When our family left San Francisco in October to travel Southeast Asia with our two kiddies for a while, we wondered where we would spend our Christmas holidays. As it turned out, our 60-day visa for Thailand would expire on Dec. 20, which meant we had to get out by then. So, we set our sights on Vietnam, not knowing exactly what to expect. My only requirement was that we stay in or near a large city so that Santa could have some decent shopping options.
What did we discover? The Vietnamese really know how to have a good time! And Christmas time is no exception, even though only 8% of Vietnam is reportedly Christian.
On our two-hour evening drive from the airport in Saigon to the beach town of Vung Tau where we would be staying, we saw numerous, even extravagant displays of Christmas lights. Once in town, we discovered storefronts decorated with Santa’s sleigh or nativity sets, and a constant flow of familiar Christmas music piping in through speakers at malls. Lyrics were sung in English or Vietnamese. Just imagine Jingle Bells in Vietnamese; to me, it was a beautiful thing!
But more important than any of that, is the celebrating that goes on here! Searching online for an event to attend on Christmas Eve or Christmas day, the best I could find was the five-course Western dinner with Christmas cocktail at the high-end Imperial Hotel down the street from us. However, as I discovered, and as most nomads traveling through this region already know, the best way to find out about events is to wander the streets and look for posted ads, or ask locals or expats. Local social media might list events too.
Walking around is how I came to discover, by accident, the lively Christmas celebrations happening in the harbor part of town. We went there so my family could see the 3D version of the new Star Wars film, and so that I (who has no interest in Star Wars) could wander its streets.
Already, at sunset, the harbor and its park had come alive with children playing, men exercising, families swimming, and friends gathering at low, plastic tables to eat, talk, and drink beer.
On the way back, some lights up a street caught my eye and I wandered over to investigate. I was thrilled at what I found! Up and down this main boulevard (Tran Hung Dao), there seemed to be a street party happening. Arches of lights lined the boulevard, and along the walls on either side for four or five blocks, these elaborately decorated Christmas scenes stood, one after the other. Families, dressed in their best, were out and about exploring these, placing their children (and themselves) into the scenes and snapping photos.
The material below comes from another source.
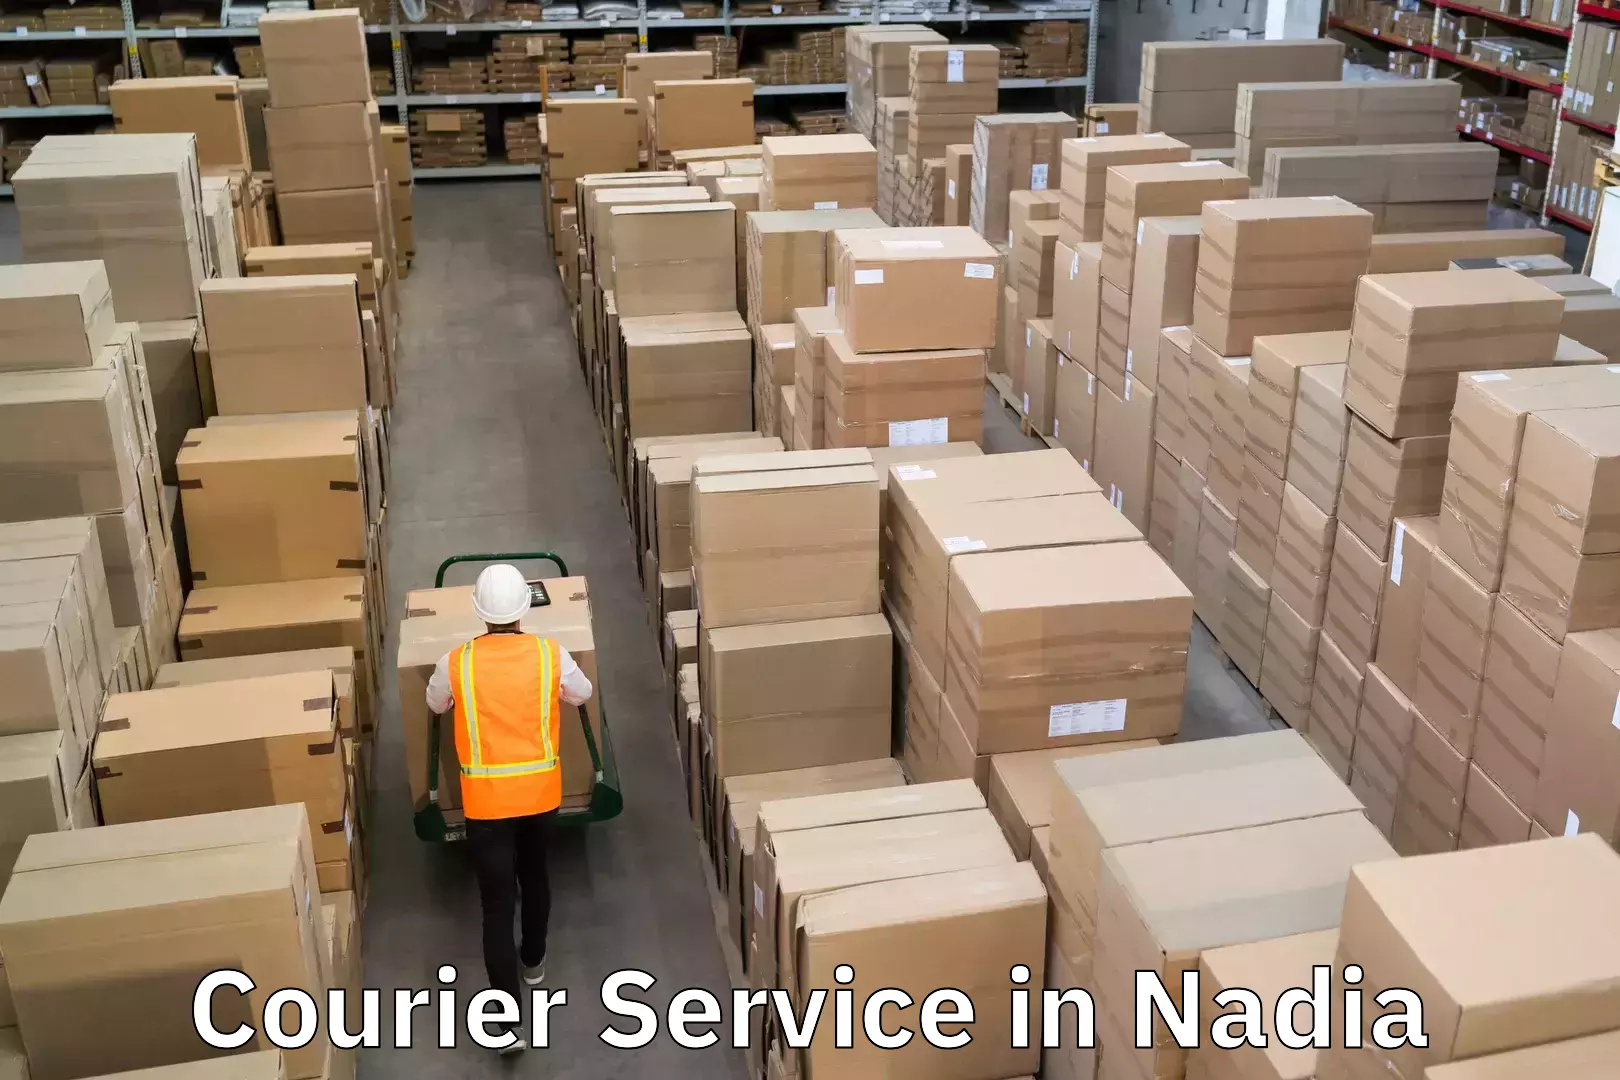 Local delivery service in Nadia

About half-way down this decorated portion of the boulevard, a church in a square came alive with music, and small children on a stage in front began to perform. All around the square and spilling onto both sides of the boulevard were busy sidewalk cafes. Scooters packed the streets and vendors on bikes sold Santa balloons. It was the perfect party for the whole family.
When I got back to the movie theater to meet my family, I discovered a spirited Christmas concert happening right there in an open space next to the cinema. The performers and audience were mostly teens and young adults, and the show was great fun! I watched a young man with a velvety voice sing two songs in English, and a group of five perform two upbeat hip-hop dance routines, one of them to a creatively re-mixed Christmas song.
After I shared all this with my family, it took us two seconds to decide to ditch the Christmas Eve dinner at the Imperial Hotel tomorrow night and come back here to these streets instead. (Update: We did that; we returned just tonight on Christmas Eve! The crowds at the street party were double, and everyone was happy.)
What we love? Having access to all the fun and high spirits of Christmas without the stressful shopping and run-away materialism that often accompanies it in the U.S. What is missing, though? Our dear friends and family, of course. Have a wonderful, spirited holiday, wherever you are in the world!